> _PROBLEM TO SOLVE_:
Give back every line of the data exactly. Pictures are not part of the copy.

> _DATA SEGMENT_:
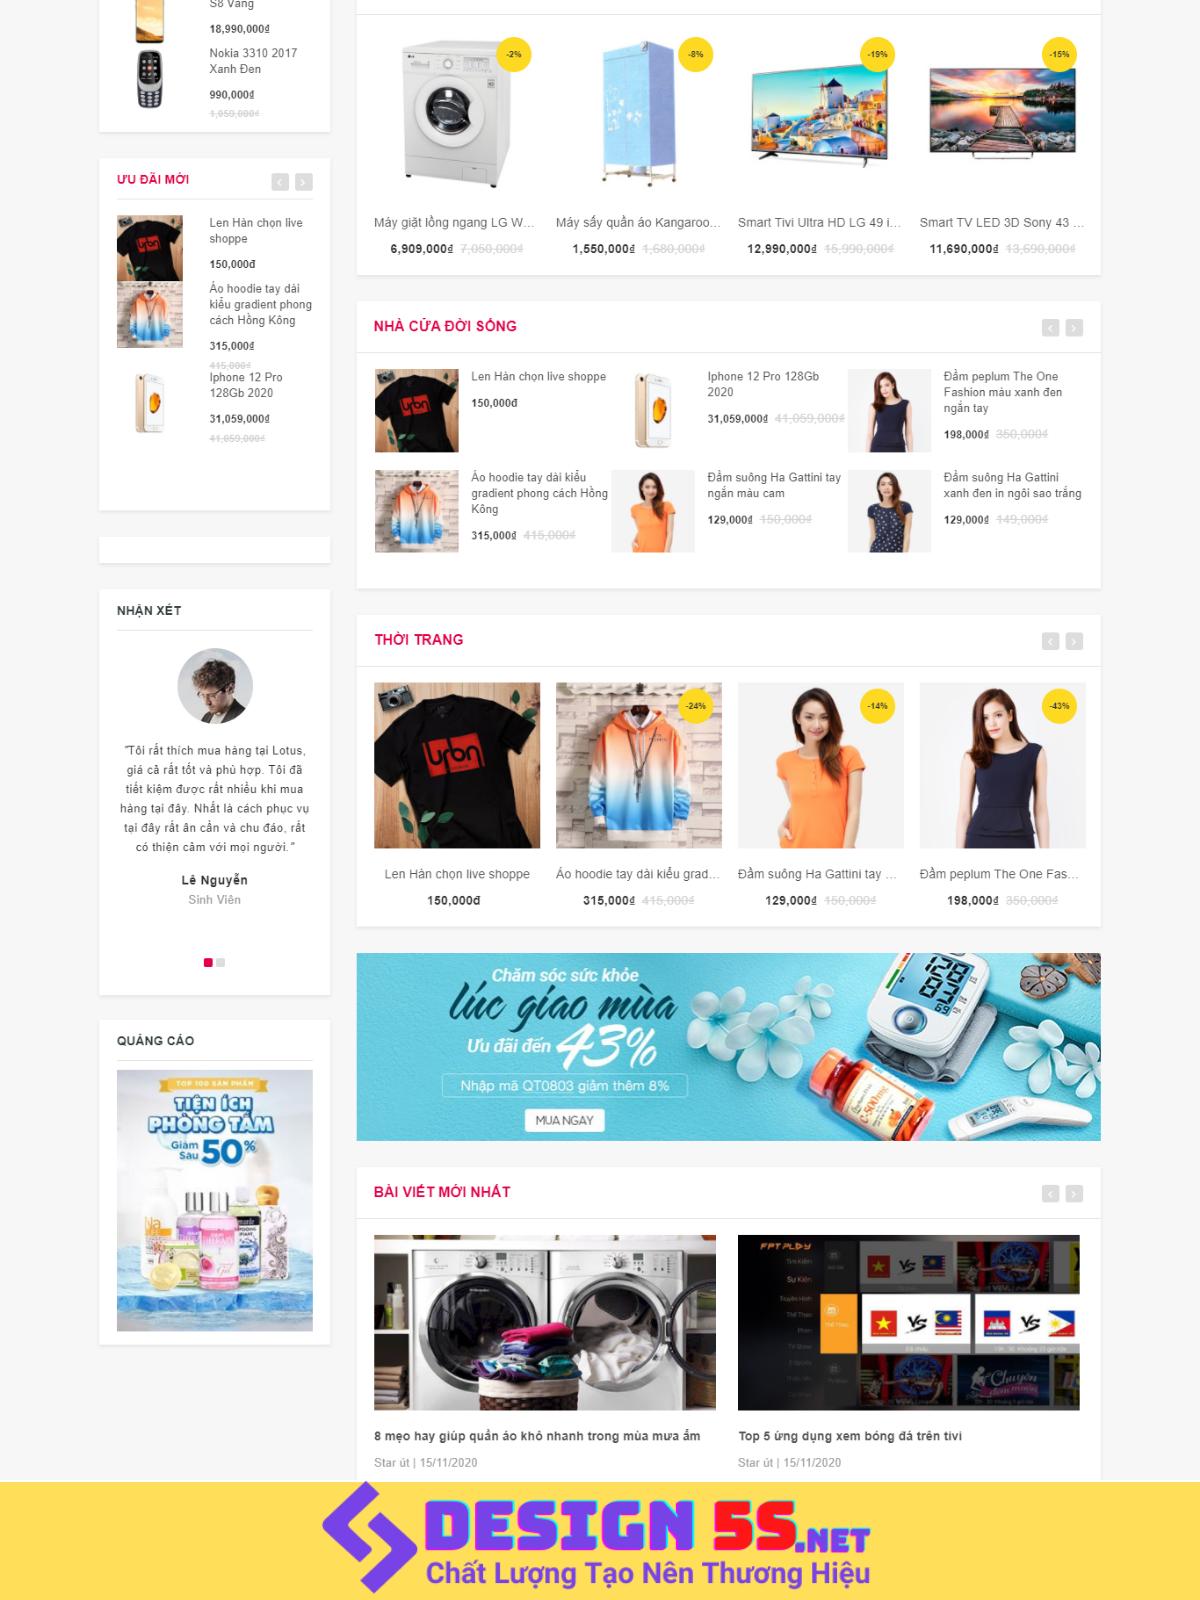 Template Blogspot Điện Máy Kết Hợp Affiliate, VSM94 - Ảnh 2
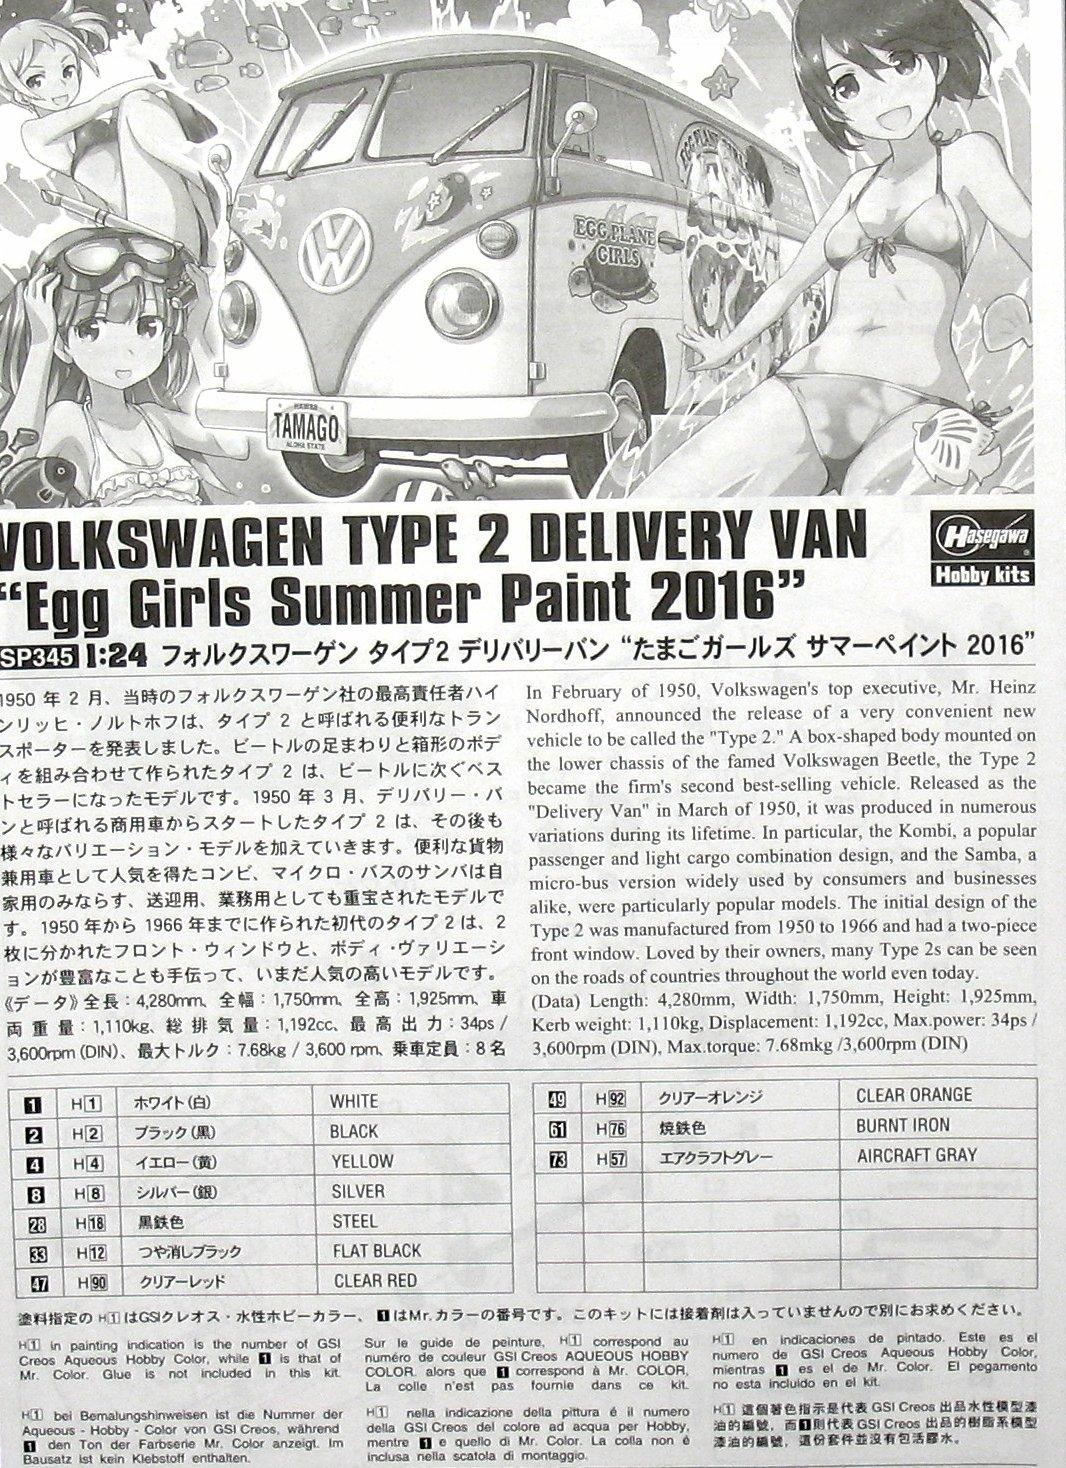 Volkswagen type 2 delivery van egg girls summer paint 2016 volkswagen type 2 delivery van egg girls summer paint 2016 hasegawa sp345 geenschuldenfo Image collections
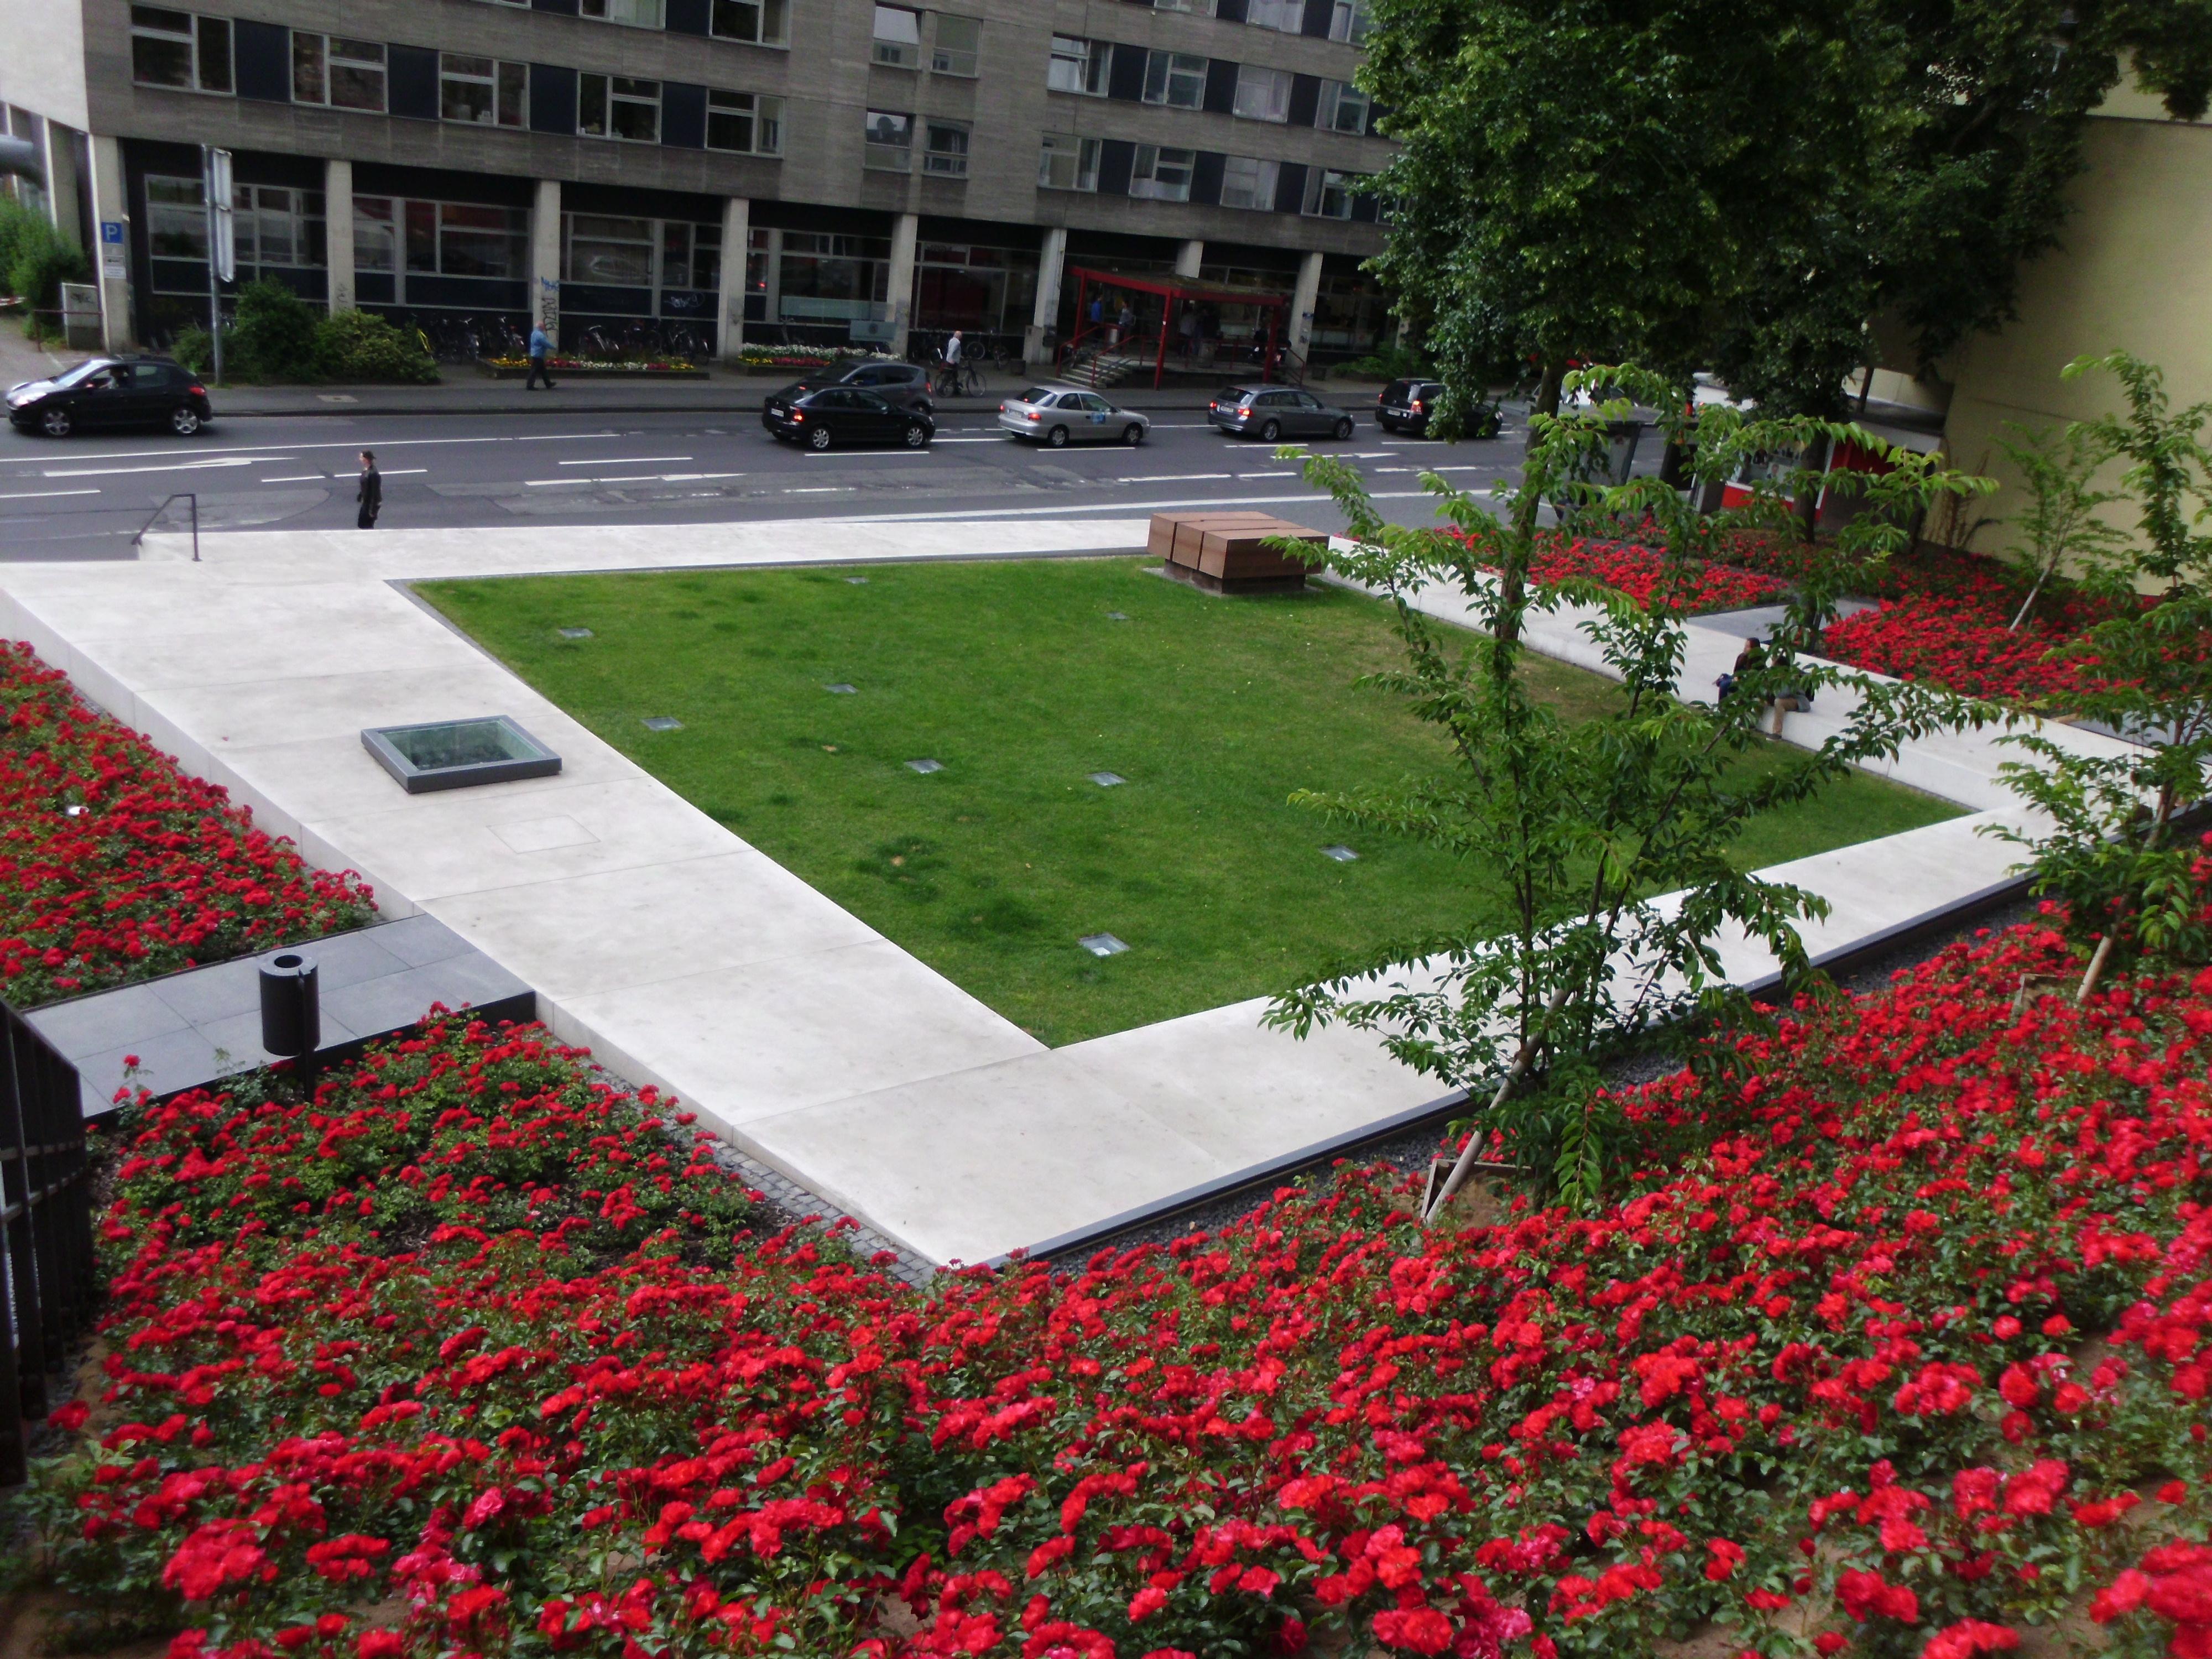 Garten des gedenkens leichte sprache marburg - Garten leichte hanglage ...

> _TASK SOLUTION_:
 Template Blogspot Điện Máy Kết Hợp Affiliate, VSM94 - Ảnh 2
 Volkswagen type 2 delivery van egg girls summer paint 2016 volkswagen type 2 delivery van egg girls summer paint 2016 hasegawa sp345 geenschuldenfo Image collections
 Garten des gedenkens leichte sprache marburg - Garten leichte hanglage ...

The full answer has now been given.